# question about $1K un4getable driving event voucher



## omaralt (Jul 17, 2010)

can the voucher be used at any dealership or only a dealership that participated in the event? thanks


----------



## Alpine300ZHP (Jan 31, 2007)

omaralt said:


> can the voucher be used at any dealership or only a dealership that participated in the event? thanks


Any dealership within 60 days of attendance of the event.


----------



## omaralt (Jul 17, 2010)

Alpine300ZHP said:


> Any dealership within 60 days of attendance of the event.


thanks, that's what i thought. but a dealership i contacted said that since they did not participate in the even they cannot accept the voucher.. thanks


----------



## Alpine300ZHP (Jan 31, 2007)

omaralt said:


> thanks, that's what i thought. but a dealership i contacted said that since they did not participate in the even they cannot accept the voucher.. thanks


That is weird and directly contradicts what my voucher says.
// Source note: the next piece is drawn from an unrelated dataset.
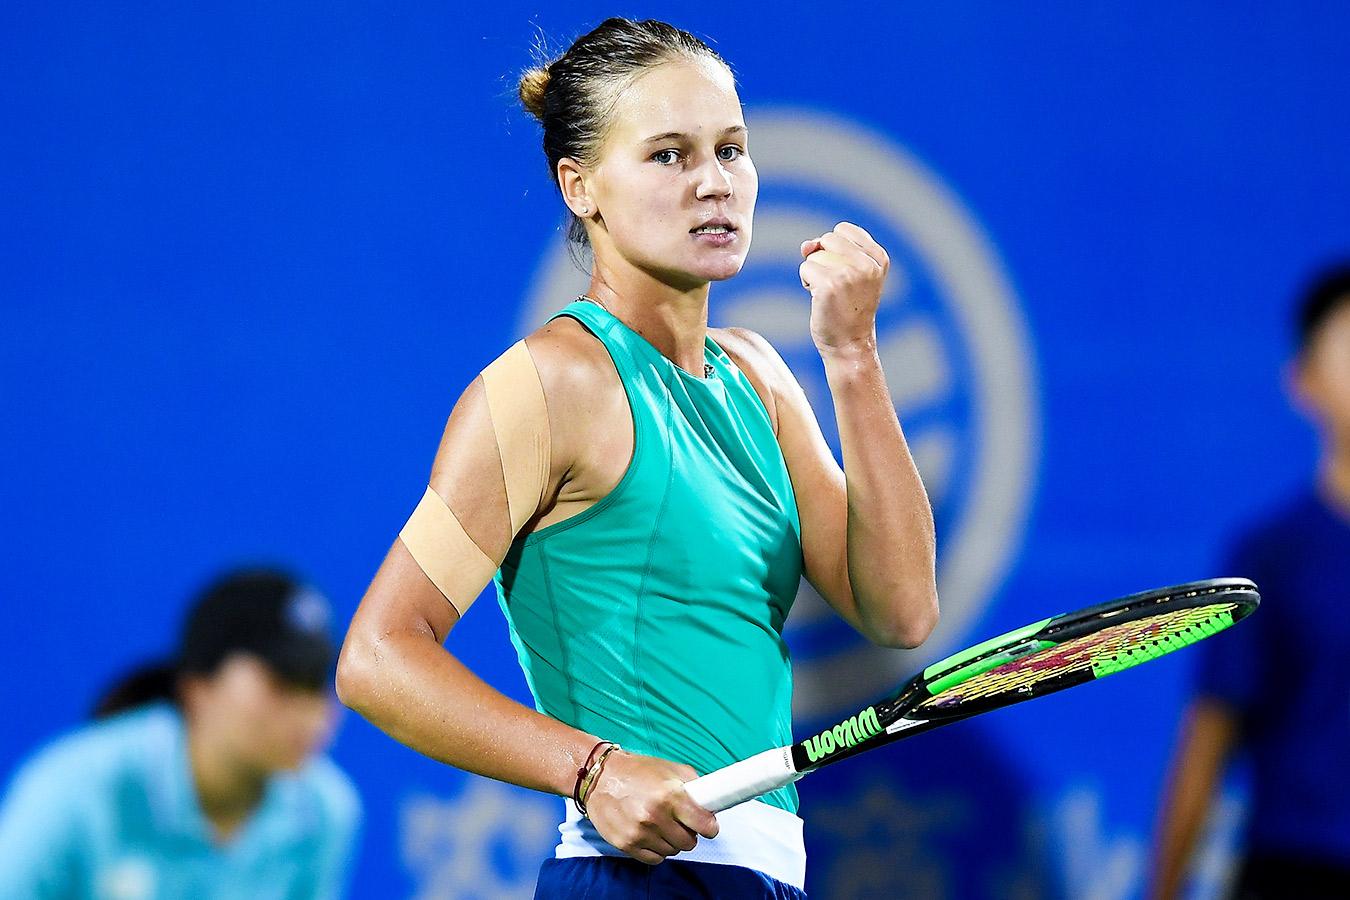 Кудерметова пробилась в полуфинал турнира в Стамбуле, где сразится с Мертенс

Mine (now used on the new 435 coupe) says "The offer is valid from 60 days of the event on the lease or purchase of eligible models. Offer may be redeemed at an authorized BMW center for Stateside (US) delivery only and cannot be used for European delivery"


----------



## ckm1515 (Feb 10, 2006)

Alpine300ZHP said:


> That is weird and directly contradicts what my voucher says. Mine (now used on the new 435 coupe) says "The offer is valid from 60 days of the event on the lease or purchase of eligible models. Offer may be redeemed at an authorized BMW center for Stateside (US) delivery only and cannot be used for European delivery"


Do you have to take delivery in 60 days or order? When I did the Ultimate Driving Event back in summer 2013, I had to take delivery by 10/31.

I'm set to do this on 7/29 at my local dealer and am ordering a 2015 X5. This comes off the agreed cap cost or can be used for drive aways correct?


----------



## Alpine300ZHP (Jan 31, 2007)

ckm1515 said:


> Do you have to take delivery in 60 days or order? When I did the Ultimate Driving Event back in summer 2013, I had to take delivery by 10/31.
> 
> I'm set to do this on 7/29 at my local dealer and am ordering a 2015 X5. This comes off the agreed cap cost or can be used for drive aways correct?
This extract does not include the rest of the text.